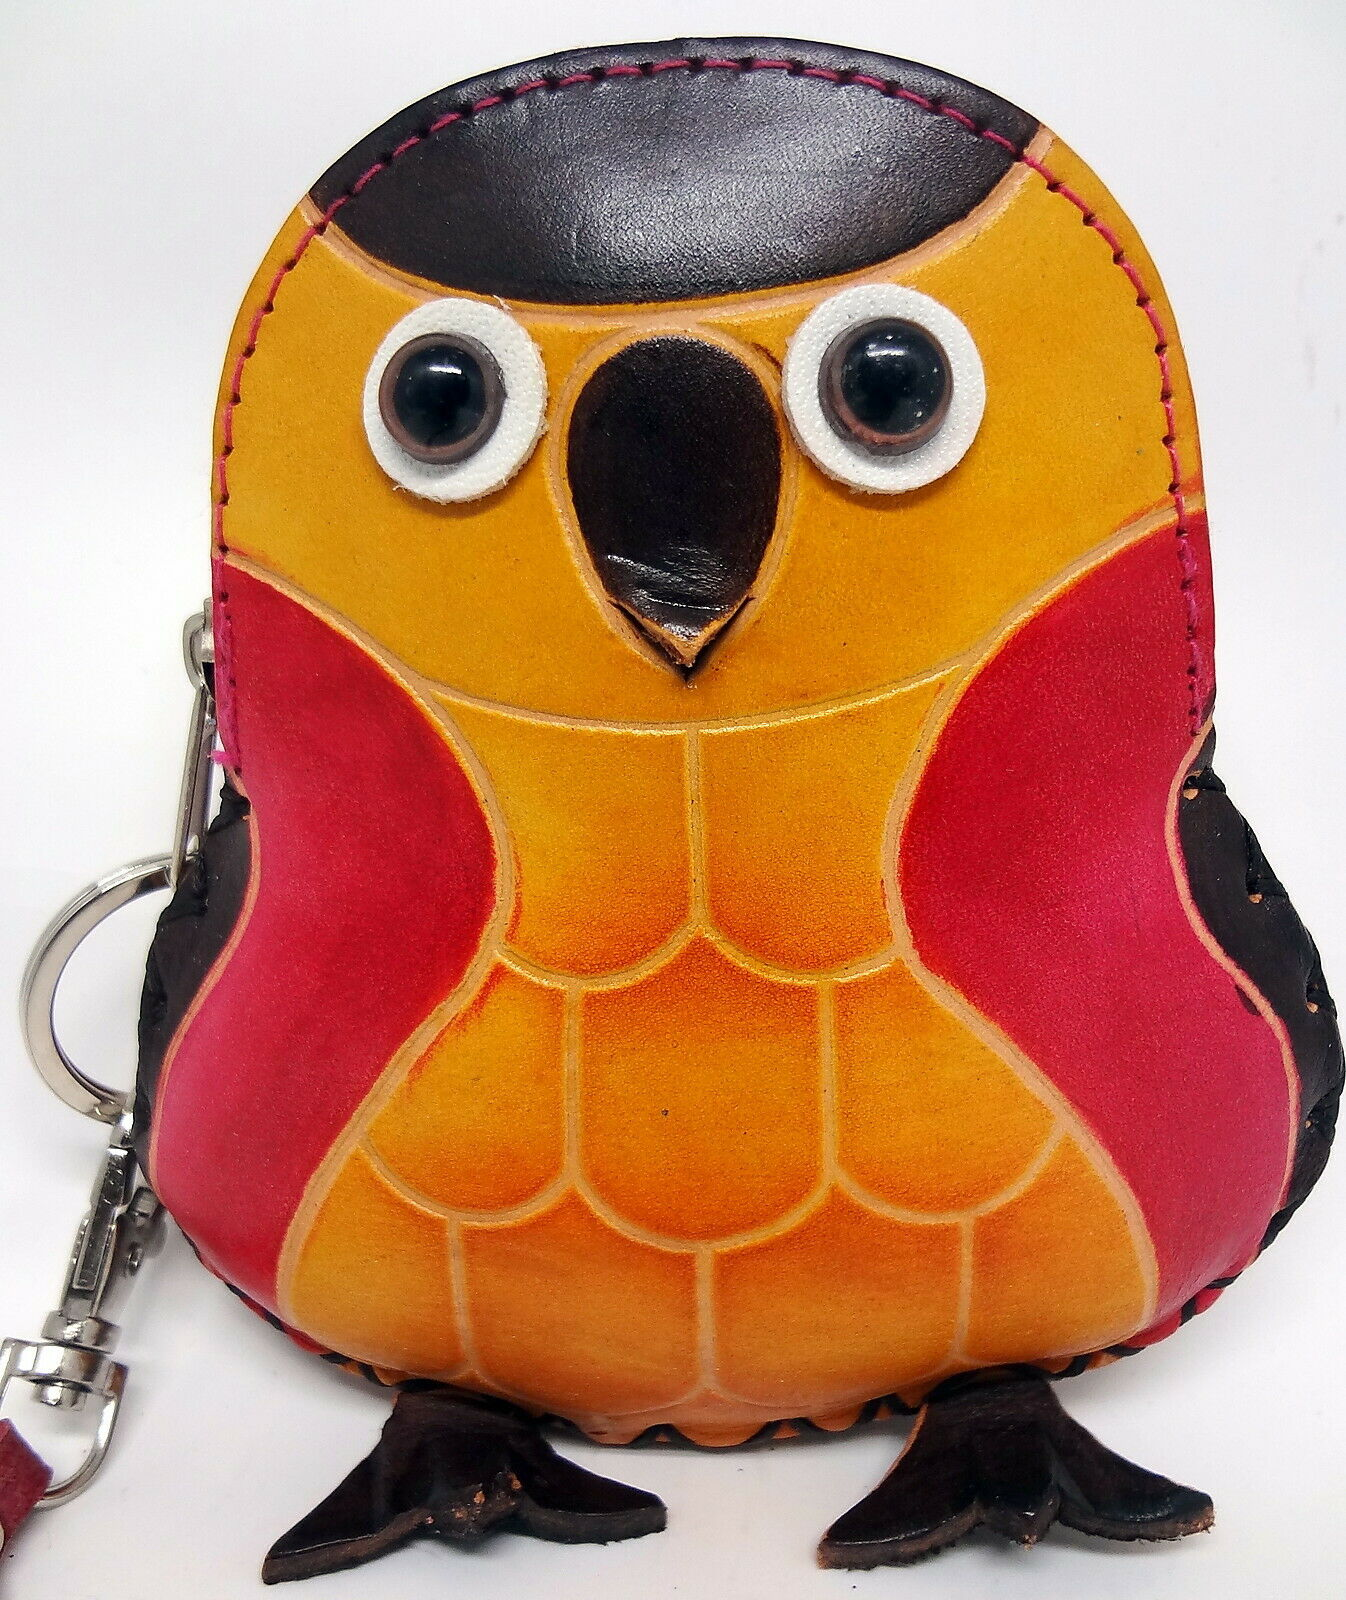 Leather Baby Owl Change Purse Wallet Wristlet Key Ring Googly Eyes Pointy Beak
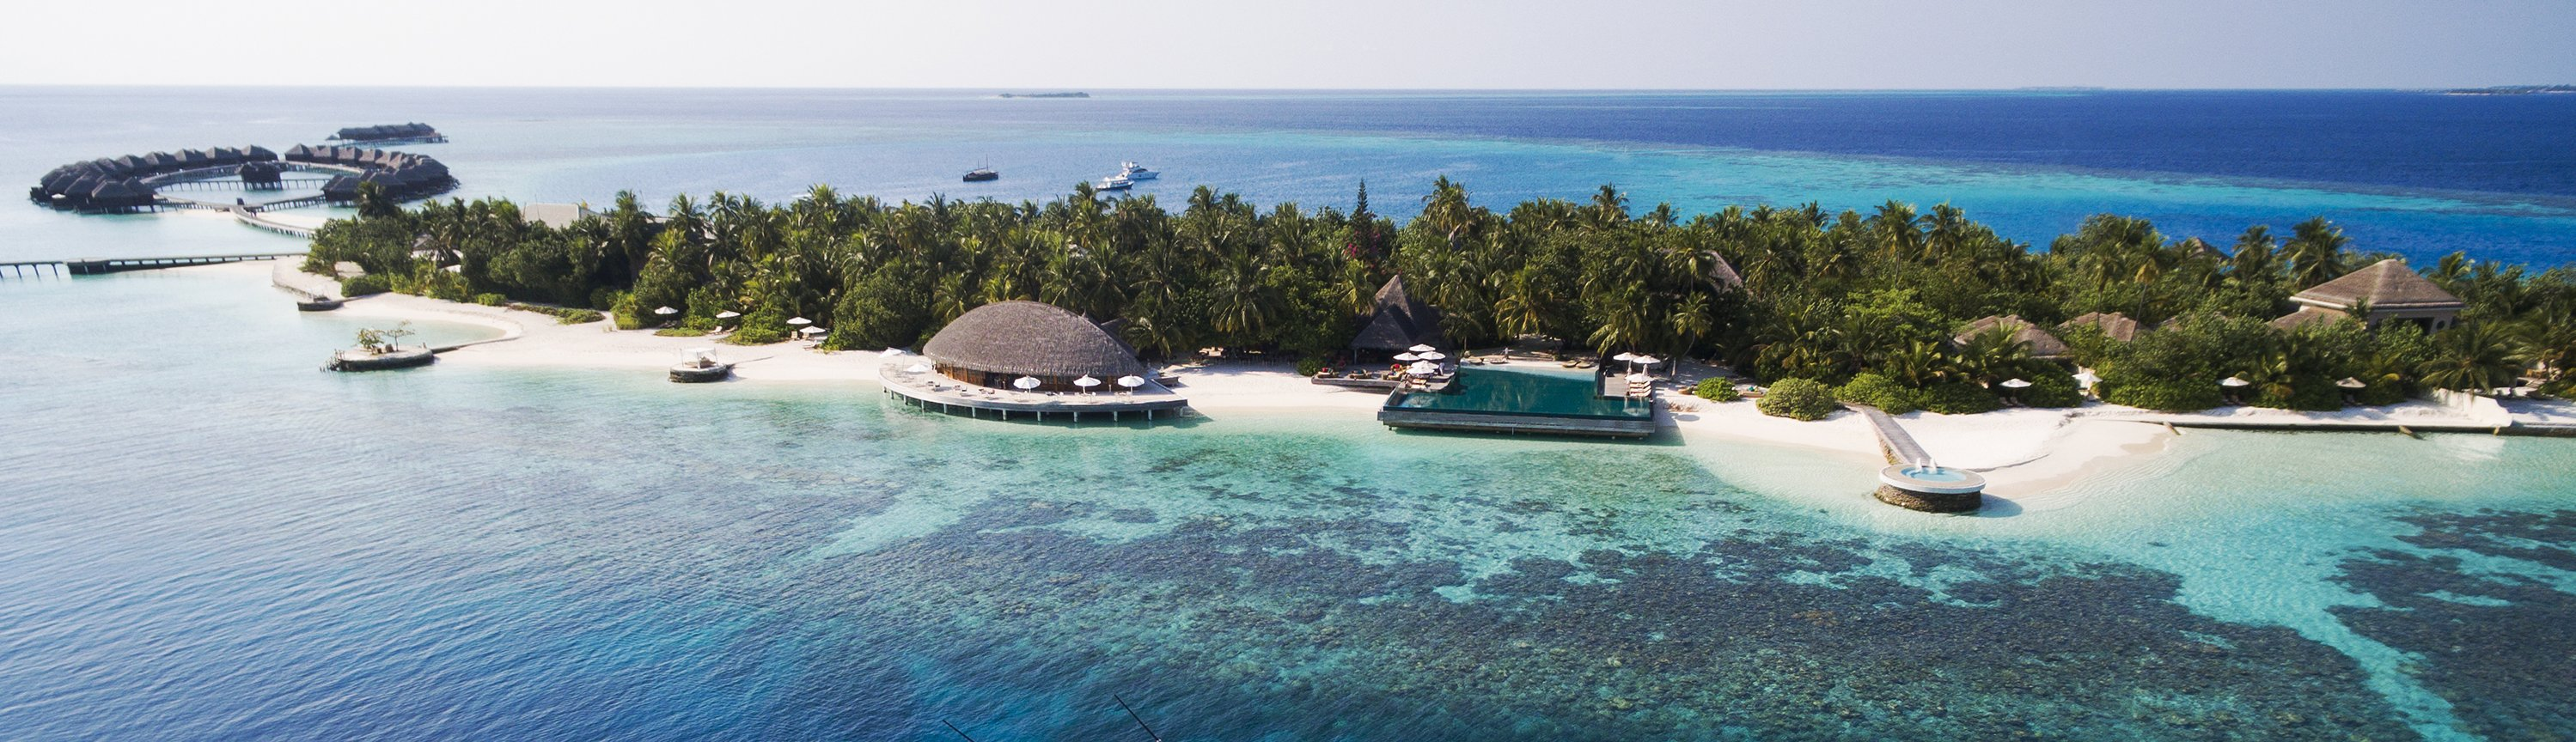 huvafen-fushi-maldives-aerial-view
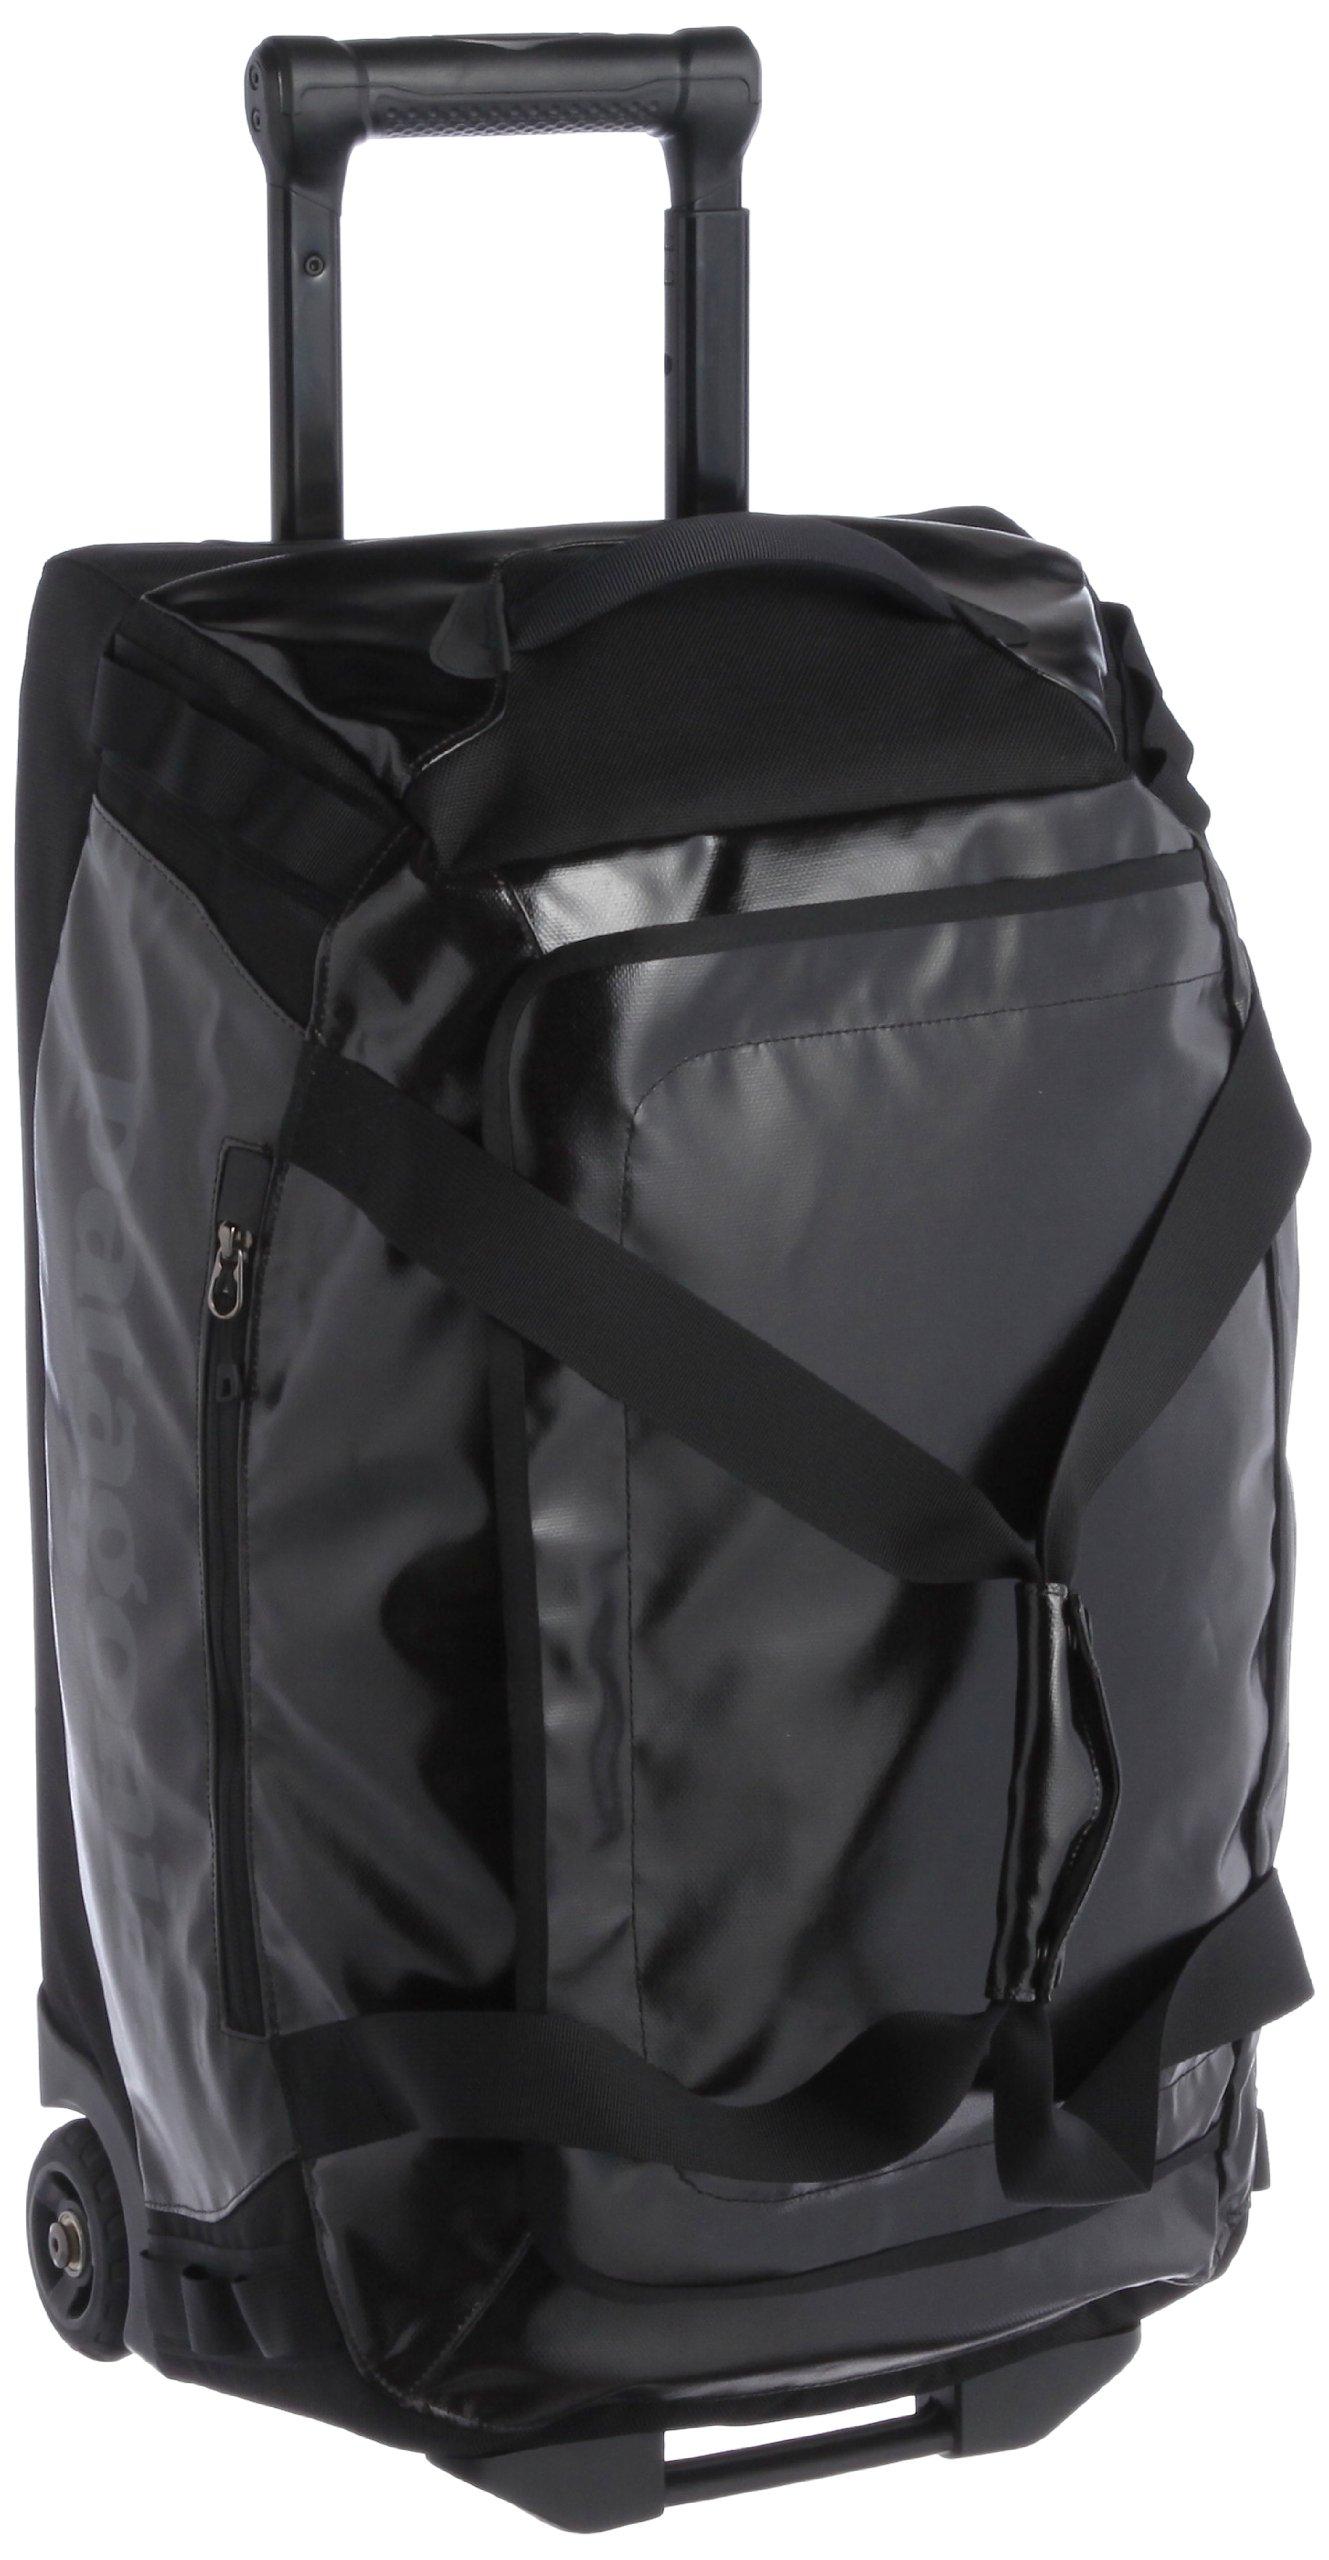 d9daee6a82 Get Quotations · Patagonia Black Hole Wheeled Duffel 45L Duffel Bag Black

------------

### Required work
Omit the pictures and reproduce the listing exactly.

### Task answer
 Leather Baby Owl Change Purse Wallet Wristlet Key Ring Googly Eyes Pointy Beak
 huvafen-fushi-maldives-aerial-view
 d9daee6a82 Get Quotations · Patagonia Black Hole Wheeled Duffel 45L Duffel Bag Black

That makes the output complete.